What the task requires.
Nothing is to be left out: repeat every entry exactly as given.

Records for processing.

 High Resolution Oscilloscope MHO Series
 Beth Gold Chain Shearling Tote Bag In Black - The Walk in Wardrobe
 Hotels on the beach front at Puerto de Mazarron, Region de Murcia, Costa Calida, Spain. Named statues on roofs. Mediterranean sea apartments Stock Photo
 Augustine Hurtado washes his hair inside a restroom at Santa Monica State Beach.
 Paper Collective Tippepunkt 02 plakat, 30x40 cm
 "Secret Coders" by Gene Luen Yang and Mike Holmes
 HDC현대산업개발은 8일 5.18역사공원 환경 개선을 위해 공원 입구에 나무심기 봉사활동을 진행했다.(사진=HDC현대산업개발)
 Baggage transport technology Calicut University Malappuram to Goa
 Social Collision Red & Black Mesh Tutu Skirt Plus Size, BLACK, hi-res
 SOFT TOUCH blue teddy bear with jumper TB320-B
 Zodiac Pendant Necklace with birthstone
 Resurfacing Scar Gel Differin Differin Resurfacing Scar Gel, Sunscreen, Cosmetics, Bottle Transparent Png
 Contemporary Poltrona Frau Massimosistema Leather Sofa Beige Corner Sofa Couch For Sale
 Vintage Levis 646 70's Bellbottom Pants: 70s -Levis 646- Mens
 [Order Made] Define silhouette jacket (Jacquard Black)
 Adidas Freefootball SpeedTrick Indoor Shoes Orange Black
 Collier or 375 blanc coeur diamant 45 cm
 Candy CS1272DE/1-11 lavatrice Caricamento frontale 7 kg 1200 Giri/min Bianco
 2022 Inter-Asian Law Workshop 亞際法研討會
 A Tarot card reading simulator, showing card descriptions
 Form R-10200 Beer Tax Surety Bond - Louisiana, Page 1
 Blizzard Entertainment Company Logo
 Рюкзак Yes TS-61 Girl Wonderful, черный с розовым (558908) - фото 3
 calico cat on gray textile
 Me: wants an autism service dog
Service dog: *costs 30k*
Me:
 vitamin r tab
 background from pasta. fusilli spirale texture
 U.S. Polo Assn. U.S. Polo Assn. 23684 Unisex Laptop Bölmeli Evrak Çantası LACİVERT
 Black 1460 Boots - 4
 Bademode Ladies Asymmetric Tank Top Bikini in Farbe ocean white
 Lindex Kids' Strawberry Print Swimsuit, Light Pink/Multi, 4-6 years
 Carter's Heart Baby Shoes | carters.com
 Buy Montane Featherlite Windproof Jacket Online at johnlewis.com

Result of this task.
 High Resolution Oscilloscope MHO Series
 Beth Gold Chain Shearling Tote Bag In Black - The Walk in Wardrobe
 Hotels on the beach front at Puerto de Mazarron, Region de Murcia, Costa Calida, Spain. Named statues on roofs. Mediterranean sea apartments Stock Photo
 Augustine Hurtado washes his hair inside a restroom at Santa Monica State Beach.
 Paper Collective Tippepunkt 02 plakat, 30x40 cm
 "Secret Coders" by Gene Luen Yang and Mike Holmes
 HDC현대산업개발은 8일 5.18역사공원 환경 개선을 위해 공원 입구에 나무심기 봉사활동을 진행했다.(사진=HDC현대산업개발)
 Baggage transport technology Calicut University Malappuram to Goa
 Social Collision Red & Black Mesh Tutu Skirt Plus Size, BLACK, hi-res
 SOFT TOUCH blue teddy bear with jumper TB320-B
 Zodiac Pendant Necklace with birthstone
 Resurfacing Scar Gel Differin Differin Resurfacing Scar Gel, Sunscreen, Cosmetics, Bottle Transparent Png
 Contemporary Poltrona Frau Massimosistema Leather Sofa Beige Corner Sofa Couch For Sale
 Vintage Levis 646 70's Bellbottom Pants: 70s -Levis 646- Mens
 [Order Made] Define silhouette jacket (Jacquard Black)
 Adidas Freefootball SpeedTrick Indoor Shoes Orange Black
 Collier or 375 blanc coeur diamant 45 cm
 Candy CS1272DE/1-11 lavatrice Caricamento frontale 7 kg 1200 Giri/min Bianco
 2022 Inter-Asian Law Workshop 亞際法研討會
 A Tarot card reading simulator, showing card descriptions
 Form R-10200 Beer Tax Surety Bond - Louisiana, Page 1
 Blizzard Entertainment Company Logo
 Рюкзак Yes TS-61 Girl Wonderful, черный с розовым (558908) - фото 3
 calico cat on gray textile
 Me: wants an autism service dog
Service dog: *costs 30k*
Me:
 vitamin r tab
 background from pasta. fusilli spirale texture
 U.S. Polo Assn. U.S. Polo Assn. 23684 Unisex Laptop Bölmeli Evrak Çantası LACİVERT
 Black 1460 Boots - 4
 Bademode Ladies Asymmetric Tank Top Bikini in Farbe ocean white
 Lindex Kids' Strawberry Print Swimsuit, Light Pink/Multi, 4-6 years
 Carter's Heart Baby Shoes | carters.com
 Buy Montane Featherlite Windproof Jacket Online at johnlewis.com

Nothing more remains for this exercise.